El cardenal inglés es cada vez más actual.
En octubre de 1845 ocurrieron dos hechos que, sin tener entre ellos ninguna relación causal, hoy asumen a nuestros ojos un significado más que simbólico: el día 6, Renan deja el Seminario de Saint Sulpice para entrar en la Universidad, abandonando así la fe para dedicarse a la ciencia; tres días más tarde, en Littlemore, en Inglaterra, John Henry Newman, hasta entonces anglicano, solicita y consigue ser acogido en el seno de la Iglesia católica. Con Renan la inteligencia católica francesa se subleva encarnizadamente contra el cristianismo; gracias a Newman el mundo intelectual se vio sacudido y provocado y el catolicismo recibió uno de los más altos ejemplos de genialidad humana y religiosa. Un mismo camino recorrido por dos grandes figuras en sentido opuesto, como apuntaba en el Osservatore Romano del 1 de Febrero de 1948 Don Giuseppe De Luca, uno de los más apasionados estudiosos italianos del gran converso inglés.

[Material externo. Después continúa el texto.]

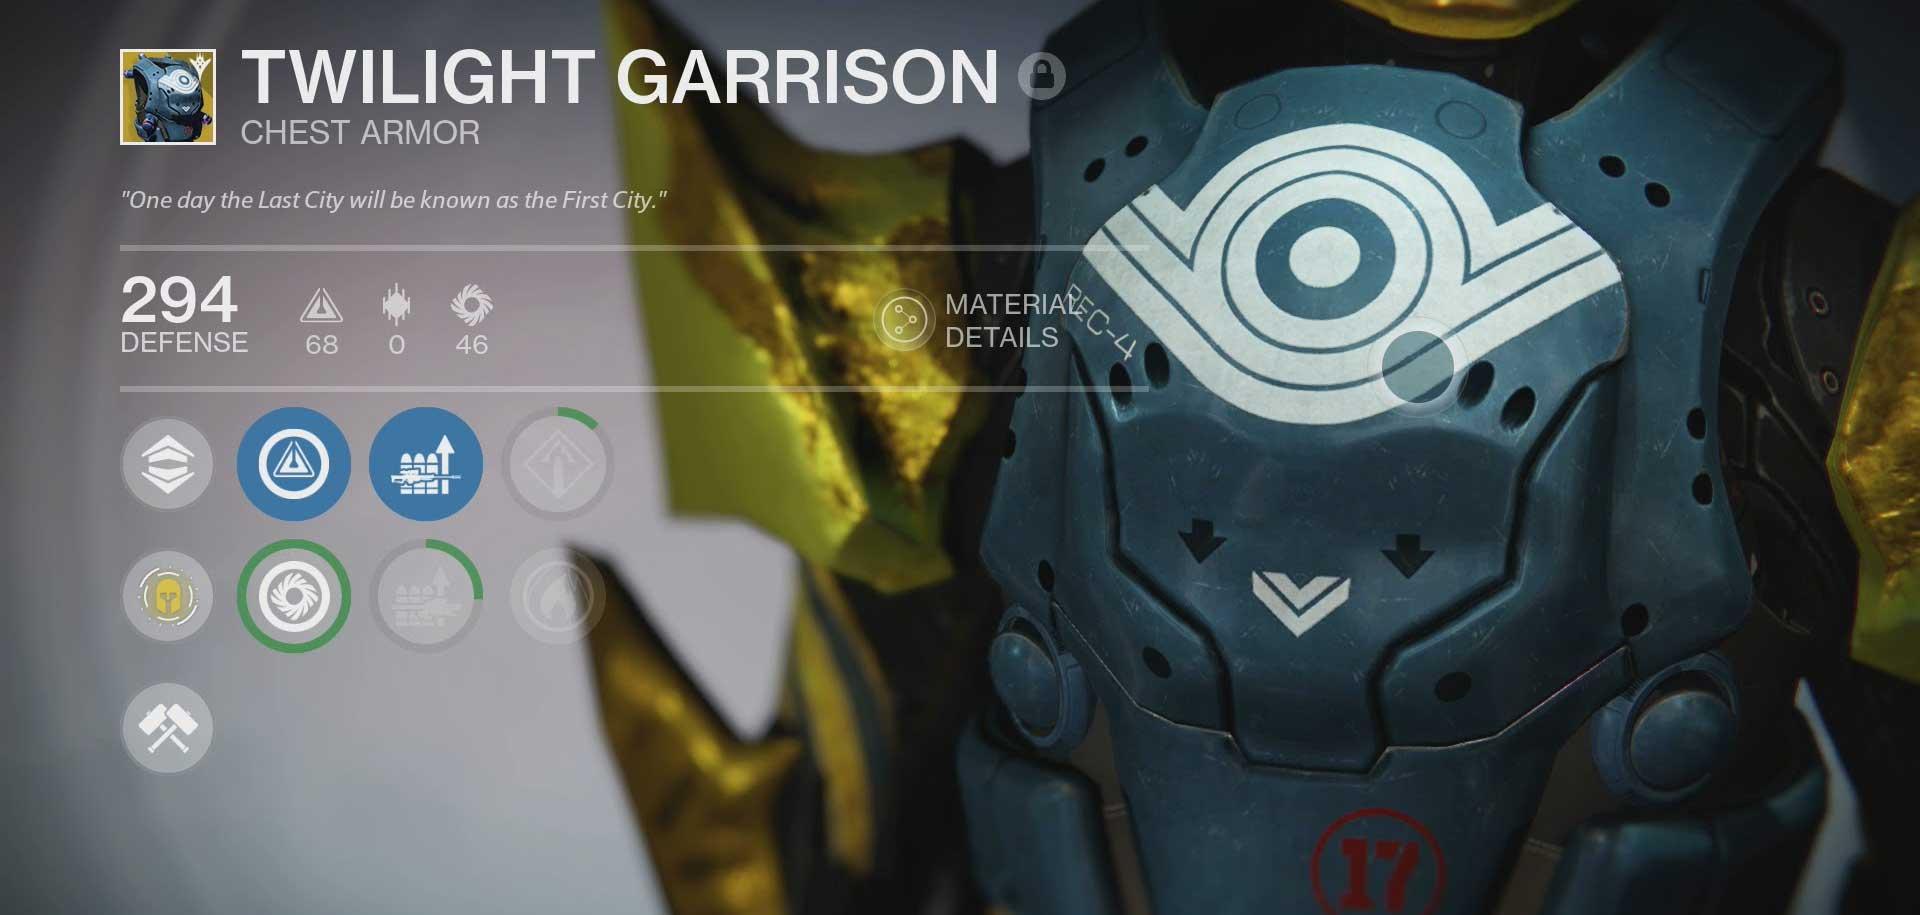 Twilight Garisson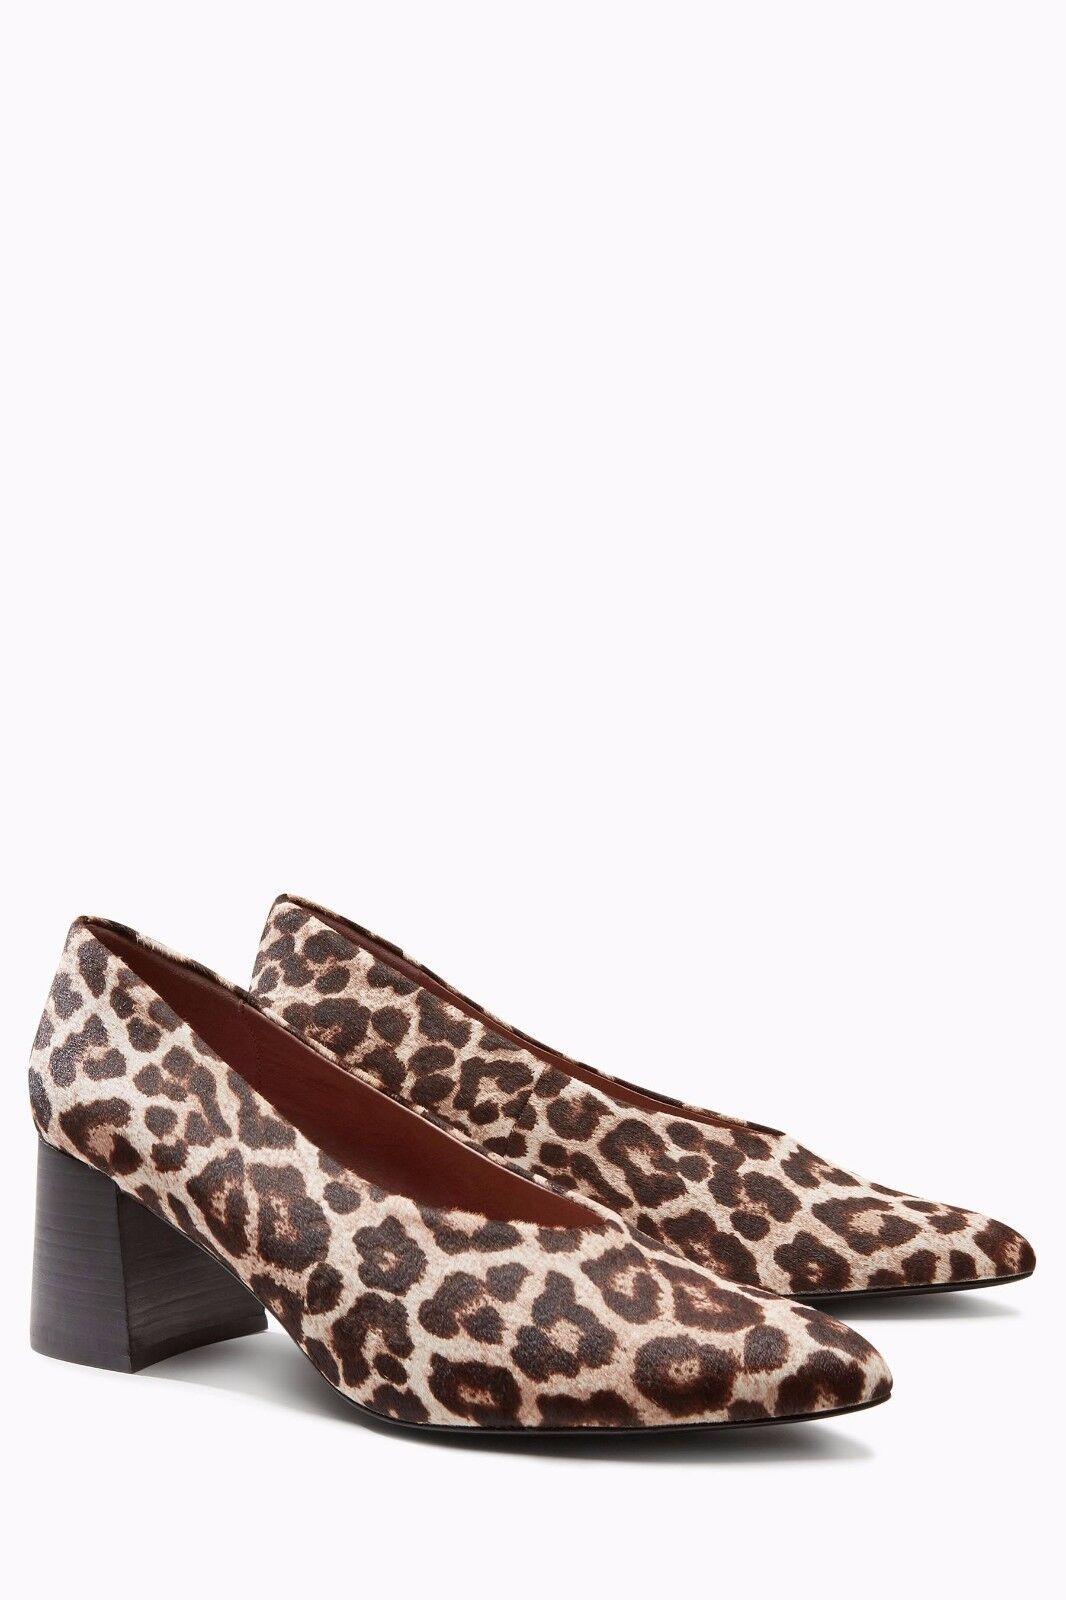 Next Heel Leather Leopard Print Block Heel Next Court Shoes 9/43 2c38da

Newman se adhirió al catolicismo después de muchos años nació en Londres en 1801 intensamente dedicados al estudio y a la actividad pastoral y educativa. Se ordenó sacerdote en 1823 en Oxford y posteriormente fue vicario en algunas parroquias, tutor en el Oriel College y «predicador destacado», en los años 1831-32, en la Universidad (sus quince University Sermons son uno de los más claros ejemplos de arte retórica, de actitud educativa y de capacidad de argumentación. Fue, junto a John Keble, Hurrel Froude, William Palmer y otros, inspirador del Movimiento de Oxford que surgió «para oponerse al peligro específico que amenazaba en aquel momento a la religión de la nación y a su Iglesia» (Apología II); inició la publicación de Tracts for the Time (Tratados para nuestro Tiempo), un instrumento polémico para defender y difundir las ideas del «movimiento».
Estudiar y escribir
Sin embargo, por su carácter y costumbres, no era excesivamente amante de la actividad pública y, por norma, prefería permanecer en sus habitaciones «estudiando y escribiendo».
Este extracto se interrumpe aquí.